[Records drawn from a dataset]

★ ★ ★

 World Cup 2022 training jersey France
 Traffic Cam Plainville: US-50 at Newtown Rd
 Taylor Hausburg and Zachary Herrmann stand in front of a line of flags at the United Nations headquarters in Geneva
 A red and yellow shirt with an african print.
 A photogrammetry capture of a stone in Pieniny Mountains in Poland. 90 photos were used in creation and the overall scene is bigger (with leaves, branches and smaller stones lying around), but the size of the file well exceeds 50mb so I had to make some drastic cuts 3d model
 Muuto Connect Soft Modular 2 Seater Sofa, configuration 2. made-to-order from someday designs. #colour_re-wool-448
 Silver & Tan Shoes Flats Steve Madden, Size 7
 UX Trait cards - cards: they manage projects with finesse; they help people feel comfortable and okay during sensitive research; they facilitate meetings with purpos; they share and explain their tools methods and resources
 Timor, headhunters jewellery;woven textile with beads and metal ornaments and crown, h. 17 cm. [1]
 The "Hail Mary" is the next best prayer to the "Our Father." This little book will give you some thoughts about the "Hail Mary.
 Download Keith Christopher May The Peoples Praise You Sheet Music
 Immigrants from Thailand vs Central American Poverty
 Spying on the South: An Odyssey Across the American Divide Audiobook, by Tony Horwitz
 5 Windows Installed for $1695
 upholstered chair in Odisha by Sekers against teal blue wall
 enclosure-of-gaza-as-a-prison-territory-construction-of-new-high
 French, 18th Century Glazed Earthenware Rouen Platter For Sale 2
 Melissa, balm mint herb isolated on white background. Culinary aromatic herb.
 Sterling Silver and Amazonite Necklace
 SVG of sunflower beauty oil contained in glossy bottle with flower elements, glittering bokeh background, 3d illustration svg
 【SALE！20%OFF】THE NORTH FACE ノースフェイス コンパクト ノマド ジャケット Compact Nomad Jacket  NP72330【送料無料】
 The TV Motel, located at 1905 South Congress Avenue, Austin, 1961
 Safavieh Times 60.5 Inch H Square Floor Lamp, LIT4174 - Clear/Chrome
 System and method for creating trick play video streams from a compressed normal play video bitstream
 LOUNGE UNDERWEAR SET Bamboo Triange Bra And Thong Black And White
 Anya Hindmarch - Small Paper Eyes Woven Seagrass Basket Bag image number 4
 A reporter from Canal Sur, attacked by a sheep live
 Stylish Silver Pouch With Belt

★ ★ ★

Return only the lines of the records in which the string "American" appears.

 Immigrants from Thailand vs Central American Poverty
 Spying on the South: An Odyssey Across the American Divide Audiobook, by Tony Horwitz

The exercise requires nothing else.